Beyond Short-Horizon: VQ-Memory for Robust Long-Horizon Manipulation in Non-Markovian Simulation Benchmarks

Here is an explanation of the paper "Beyond Short-Horizon: VQ-Memory for Robust Long-Horizon Manipulation," translated into simple, everyday language with some creative analogies.

The Big Picture: Why Robots Are Getting Stuck

Imagine you are teaching a robot to open a safe.
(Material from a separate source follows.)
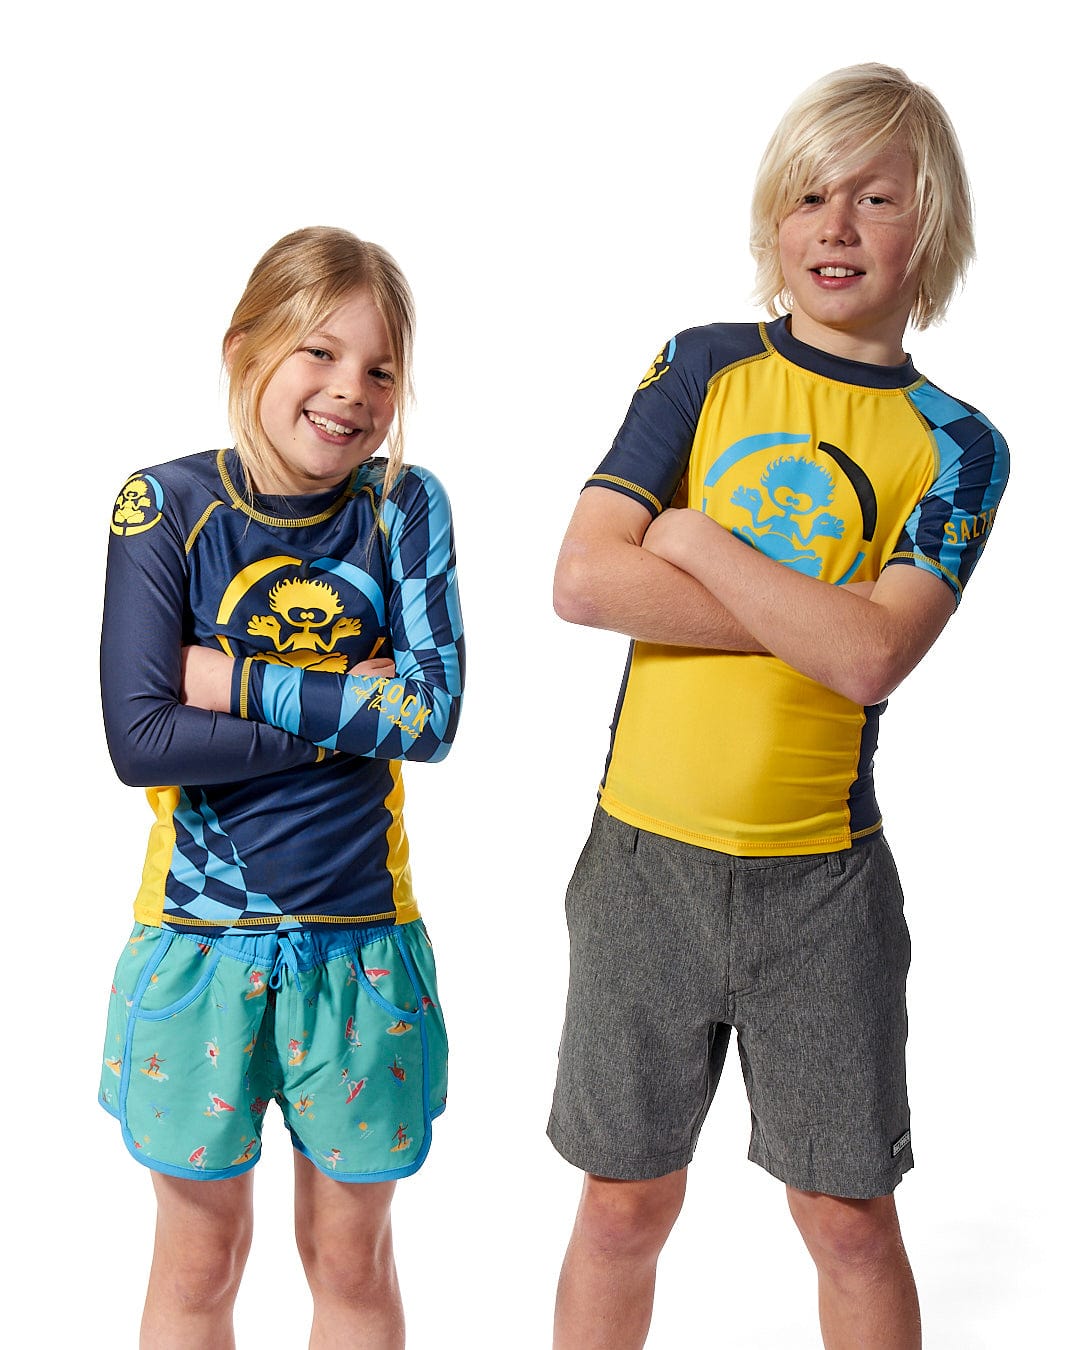 Two children posing for a photo in a Saltrock Warp - Kids Short Sleeve Rashvest - Yellow, exuding both warmth and comfort.

The Old Way: Most robots are trained on simple tasks like "pick up a cup" and "put it on the table." These are like one-step puzzles. The robot looks at the cup, grabs it, and moves. It doesn't need to remember what happened five seconds ago.
The Real World: Real life is messy. Opening a safe isn't just one step. You might need to:
1. Turn a knob.
2. Wait for a light to turn green.
3. Type a specific code on a keypad.
4. Then pull the handle.

If the robot only looks at the camera right now, it gets confused. It sees a handle and thinks, "I should pull it!" But if it doesn't remember that it just turned the knob, it pulls the handle too early, and the safe stays locked. This is called a non-Markovian problem (a fancy way of saying: "You can't solve this just by looking at the present; you need to remember the past").

Part 1: RuleSafe (The New Training Ground)

The authors realized that existing robot training games were too easy. They built a new, harder training ground called RuleSafe.

The Analogy: Think of previous robot benchmarks as a playground with a slide. You just climb up and slide down. It's fun, but it doesn't teach you how to navigate a maze.
RuleSafe is a complex escape room. It features safes with different locks:
- Key locks: You have to find the right key and turn it.
- Password locks: You have to press buttons in a specific order (like 1-2-3).
- Logic locks: You have to do things based on rules (e.g., "Turn the knob twice, but only if the handle is down").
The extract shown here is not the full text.